I currently am trying to execute the anesrake function (part of the anesrake package https://cran.r-project.org/web/packages/anesrake/index.html which weights population attribute sets based on sample attribute sets) within R to approximate weight rankings for multiple sets of variables.
I have a table of sample data testData:
Index GENDER AGE
1 Female 18-24
2 Female 35-64
3 Male 65+
Note: age range has 6 levels- 18-24,25-34,35-44,45-54,55-64,65+
I then have a set of 2 lists for my population data:
GENDER <- c(.49,.51)
AGE <- c(.08,.1,.12,.2,.2,.3)
I then create a set of target variables and a CASEID column on the original table:
targets <- list(GENDER, AGE)
names(targets) <- c("GENDER", "AGE")
testData$CASEID <- 1:length(testData$GENDER)

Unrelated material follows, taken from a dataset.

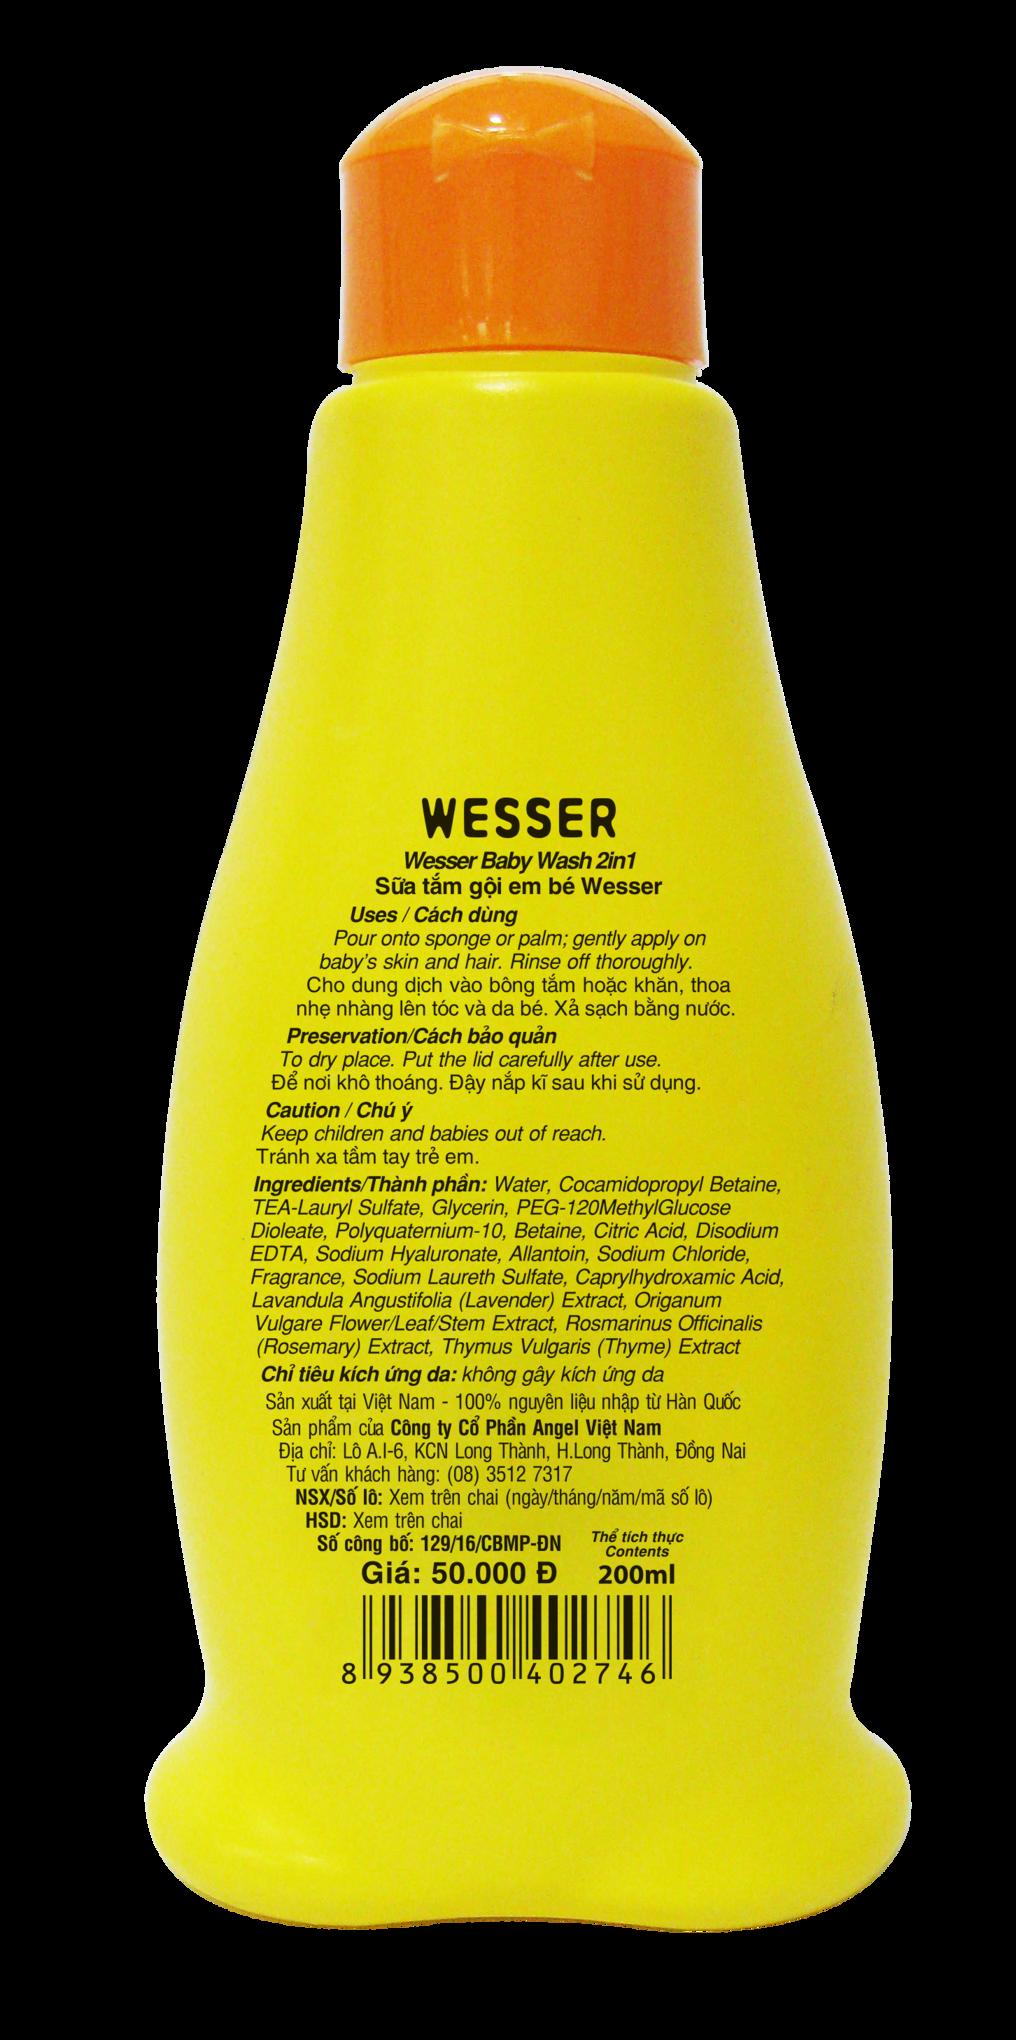 Sữa tắm gội Wesser 2 in 1 200ml (cam) (Sau)

I finally get to see the variance in my population data vs my sample data:
> anesrakefinder(targets, testData, choosemethod = "total")
GENDER AGE
0.1495337 0.3668394
But when I use the anesrake function to do the final analysis, I get thrown errors:
> anesrake(inputter=targets,dataframe=testData,caseid=testData$CASEID)

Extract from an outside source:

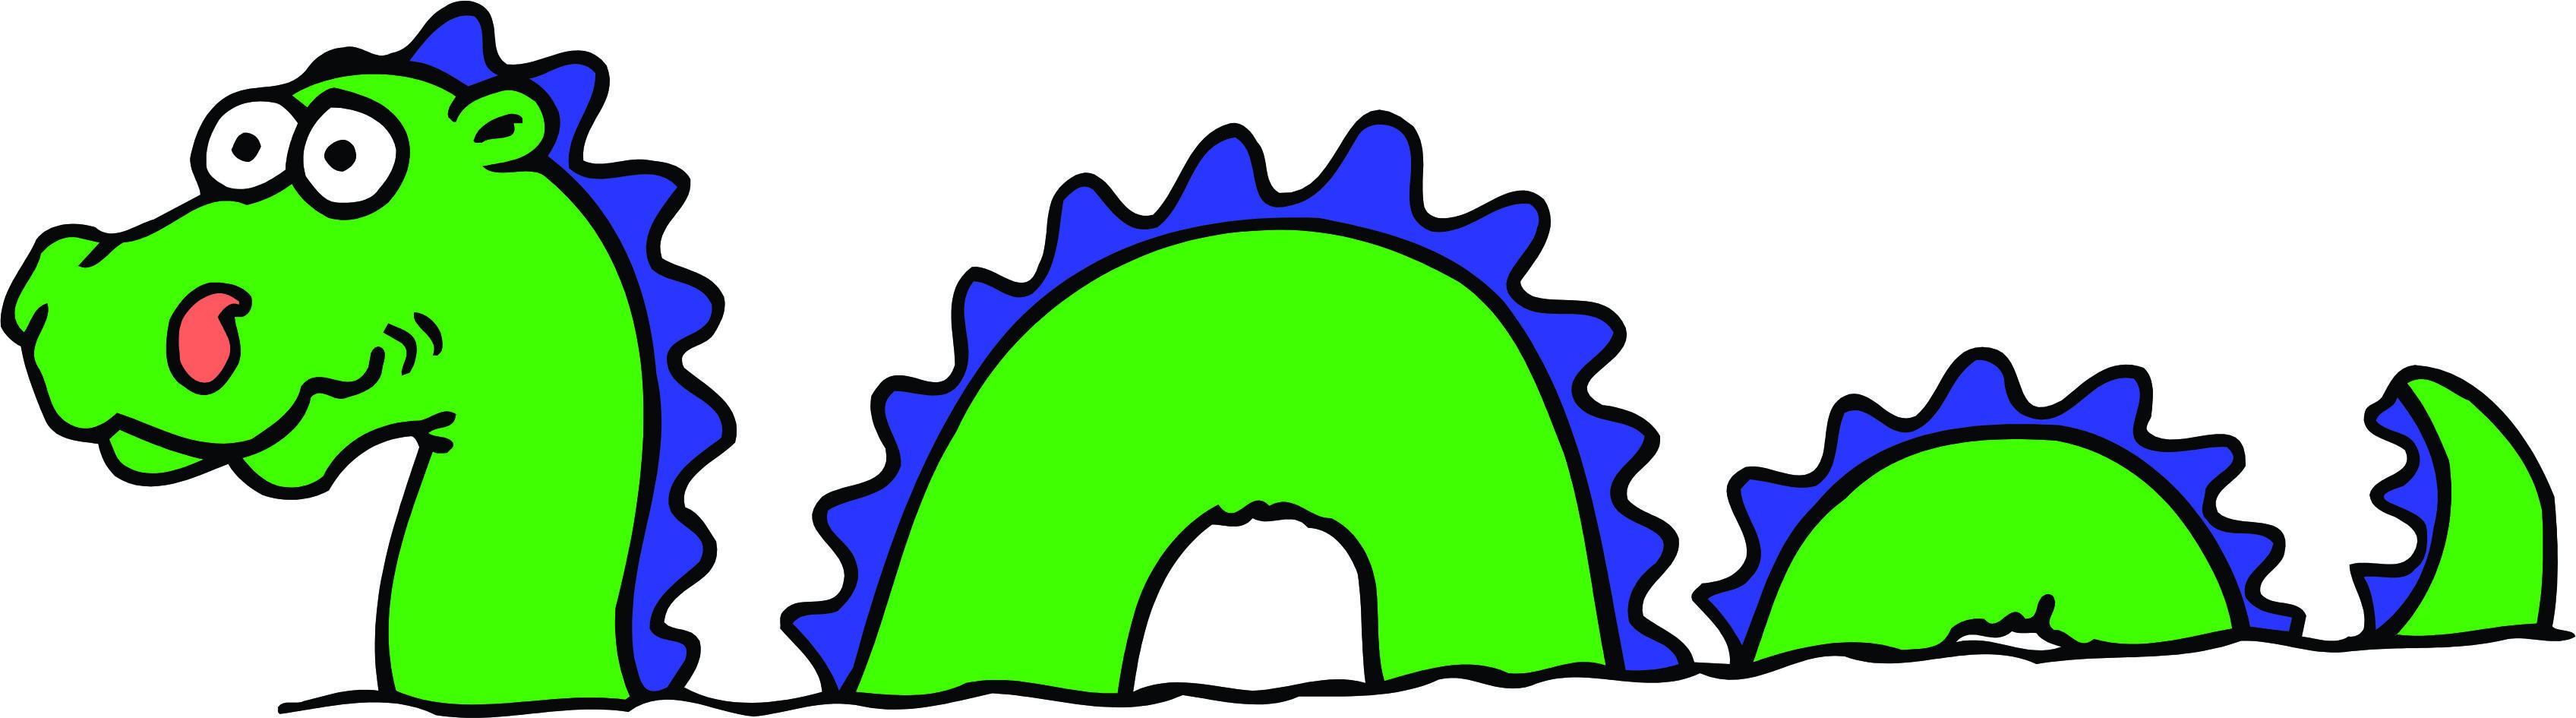 Loch Ness Monster Clipart - ClipArt Best

Error in rakeonvar.default(mat[, i], inputter[[i]], weightvec) :
number of variable levels does not match number of weighting levels
In addition: Warning message:
In rakeonvar.default(mat[, i], inputter[[i]], weightvec) :
NAs introduced by coercion
I've been following two 'tutorials' on how to utilize anesrake but I'm still coming up short. These are the tutorials below:
http://sdaza.com/survey/2012/08/25/raking/
http://surveyinsights.org/wp-content/uploads/2014/07/Full-anesrake-paper.pdf
Any help that you could provide on this would be greatly, greatly appreciated.
Cheers,
Stu